SUPPLIED DATA.
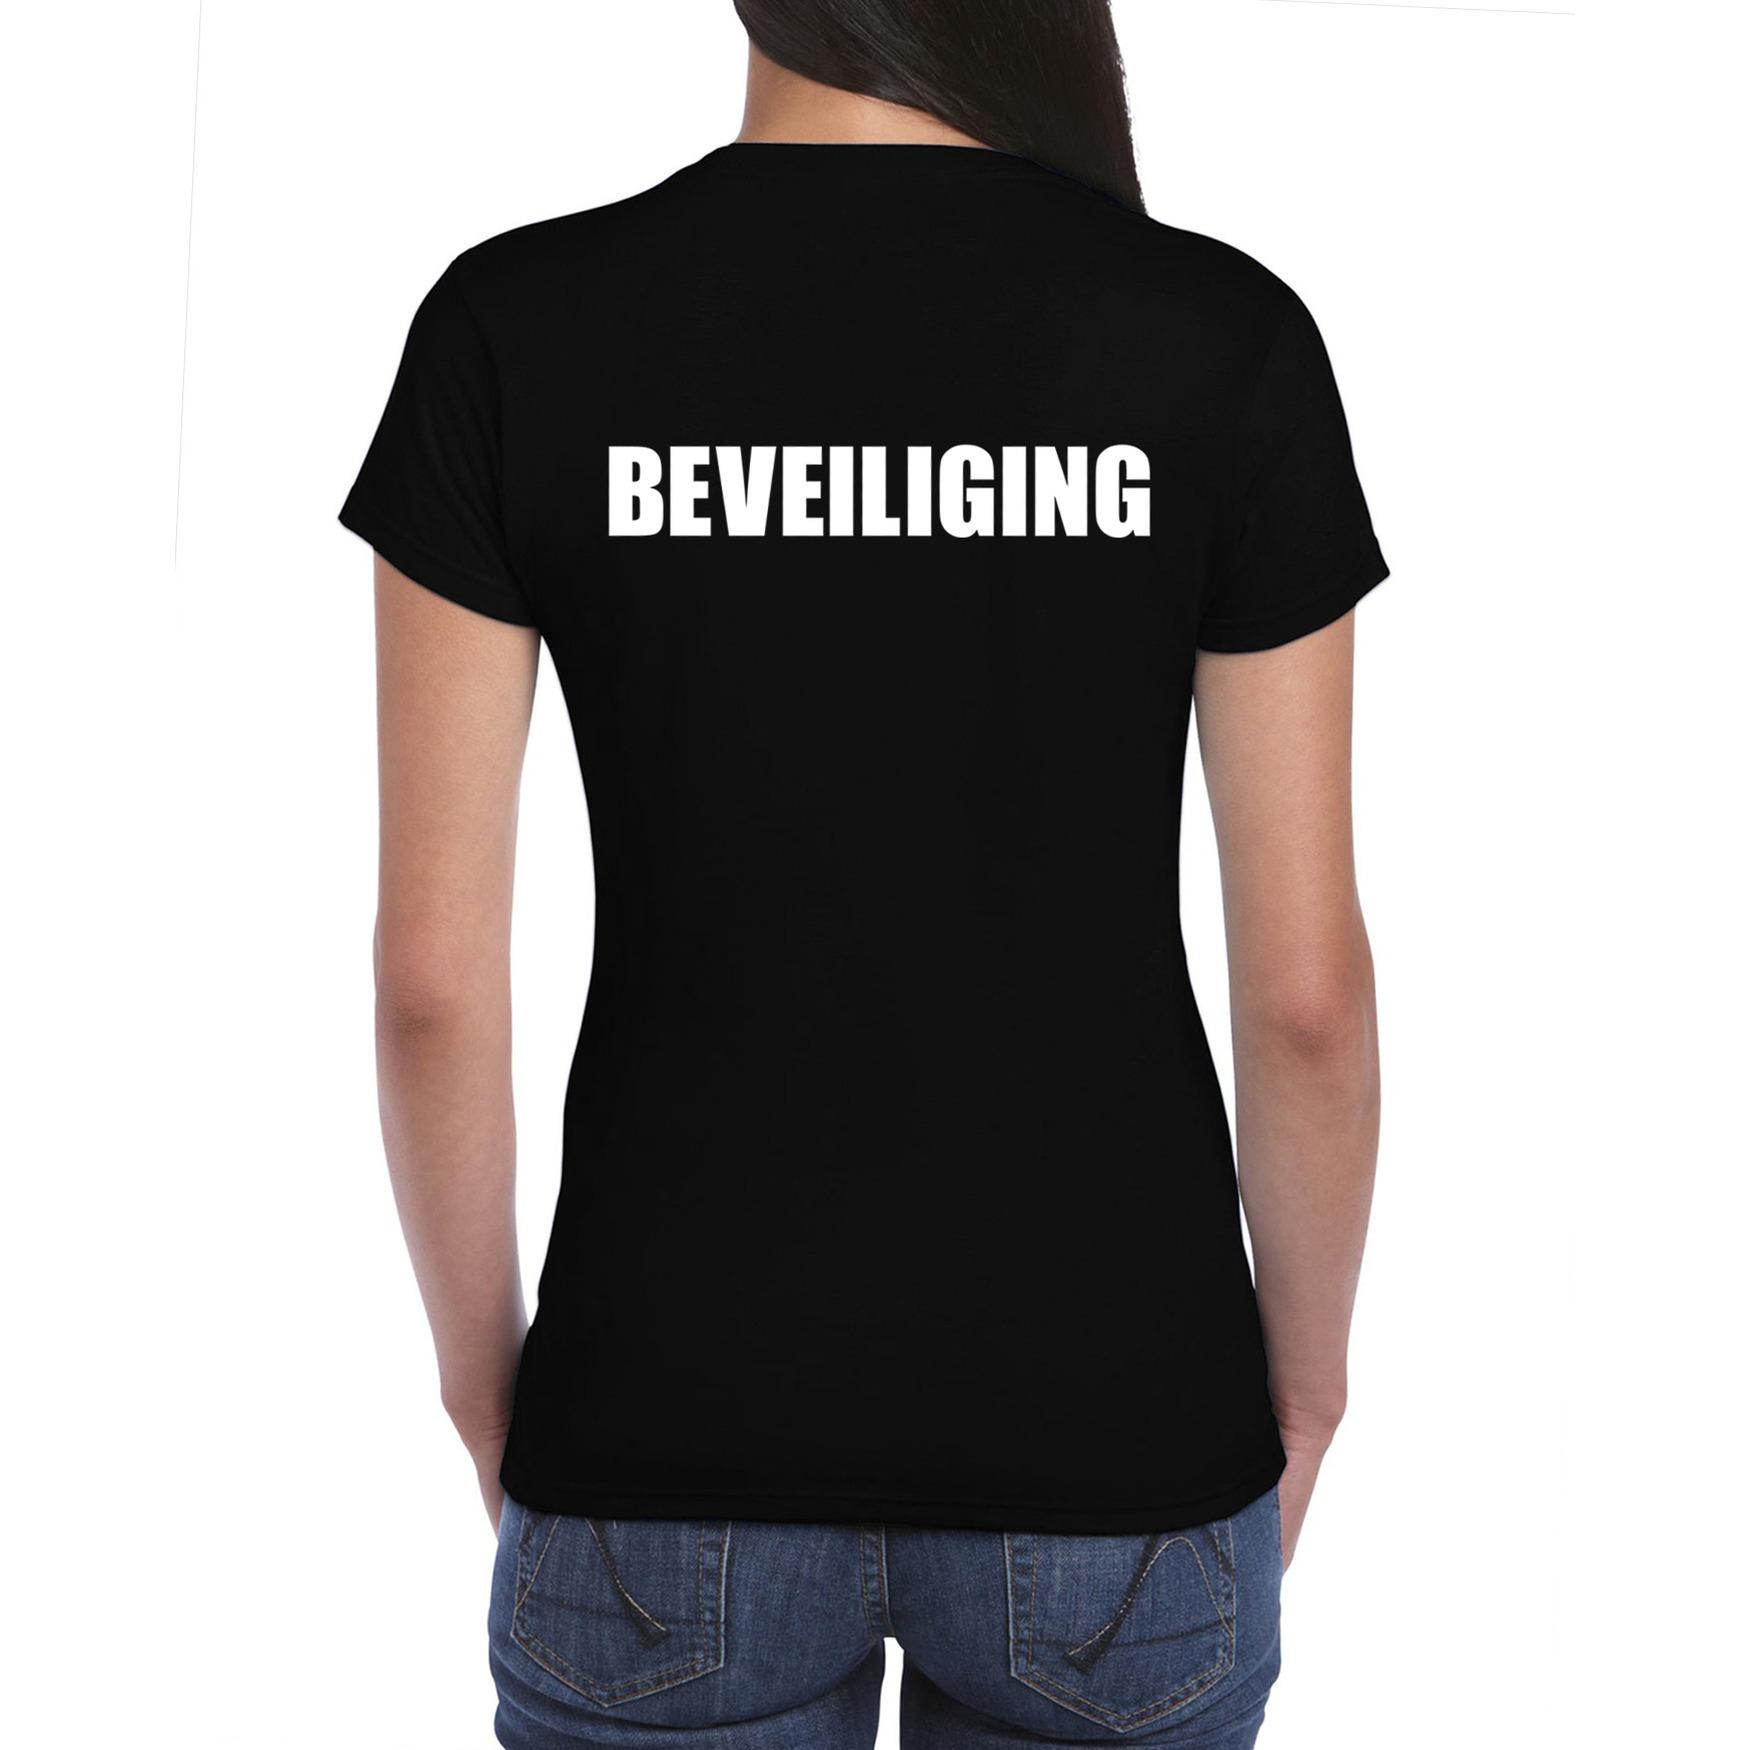 Beveiliging tekst t-shirt zwart dames
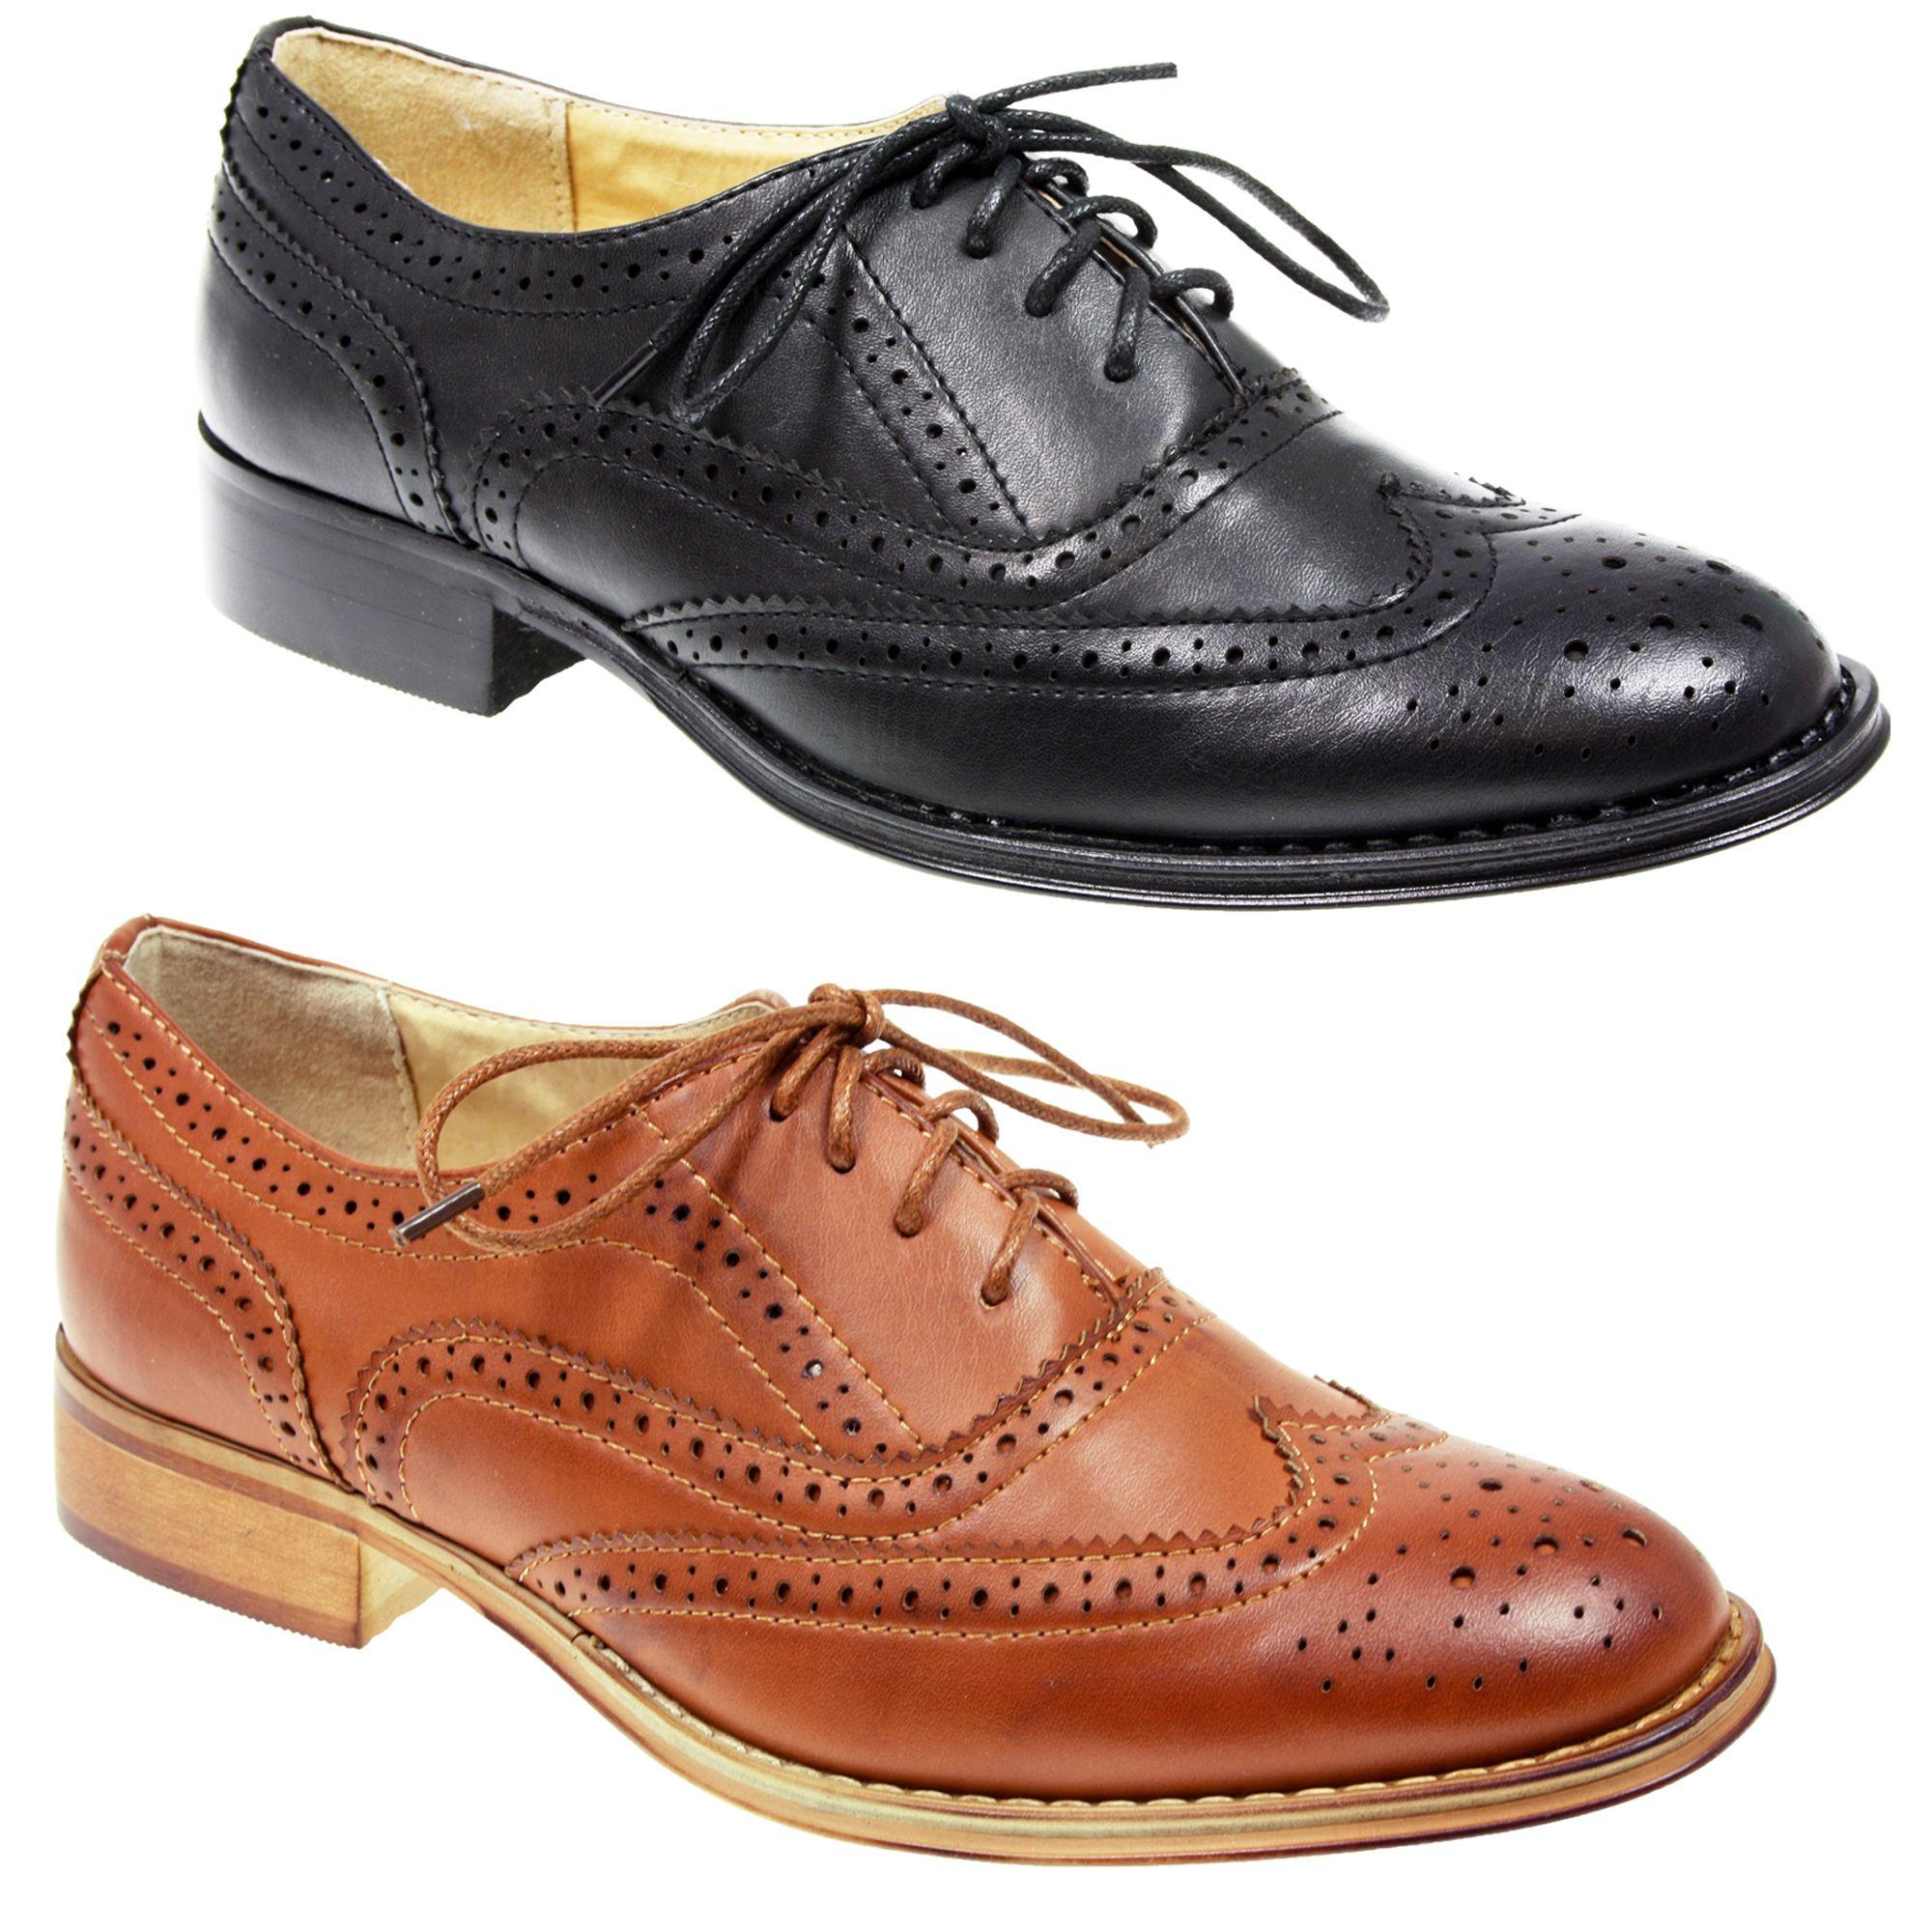 Womens Las Lace Up Flat Office Formal School Oxford Brogue Black Tan Shoes Ebay
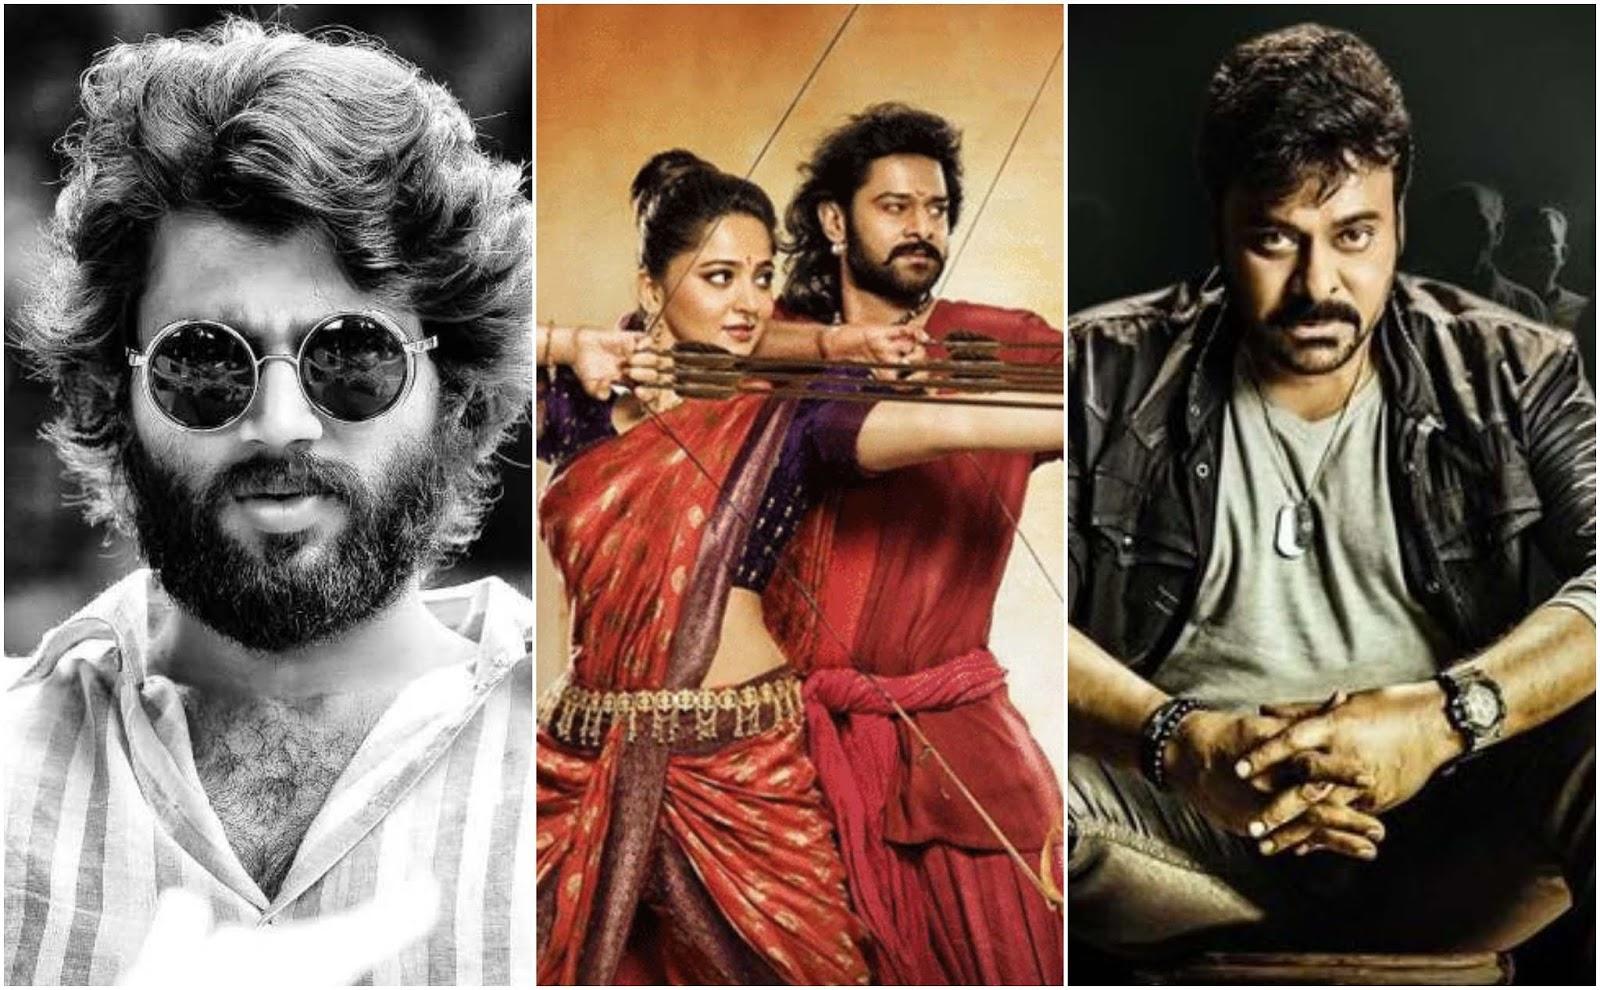 bahubali 2 full hindi movie download 2017
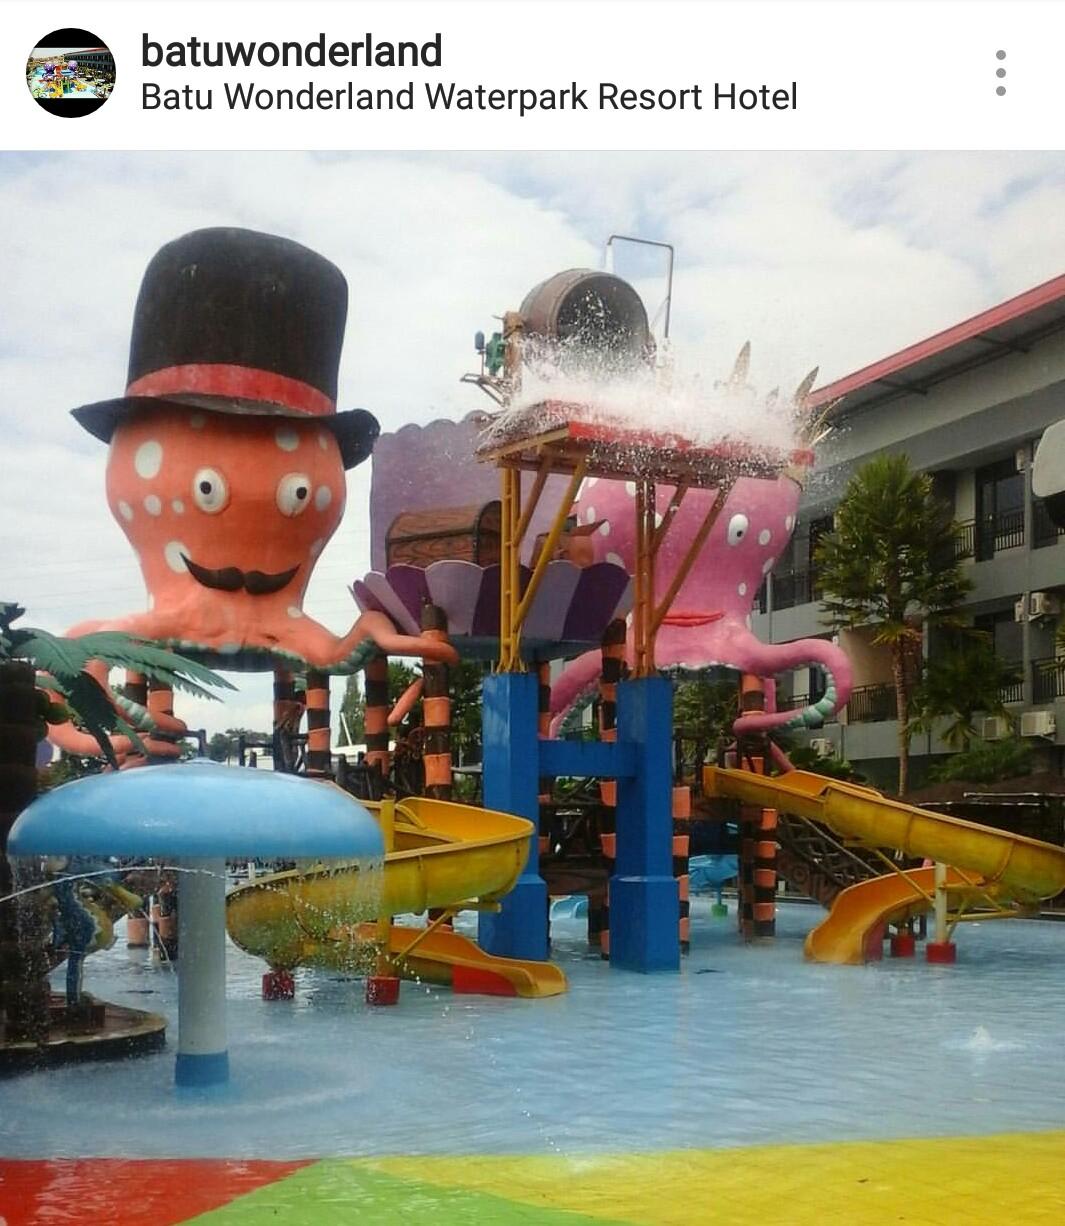 Batu Wonderland Kids Holiday Spots Liburan Anak Informasi Liburananak Batuwonderland

WORK REQUEST. The answer should hold every line of the listing, copied exactly, with no pictures.

SOLUTION.
 Beveiliging tekst t-shirt zwart dames
 Womens Las Lace Up Flat Office Formal School Oxford Brogue Black Tan Shoes Ebay
 bahubali 2 full hindi movie download 2017
 Batu Wonderland Kids Holiday Spots Liburan Anak Informasi Liburananak Batuwonderland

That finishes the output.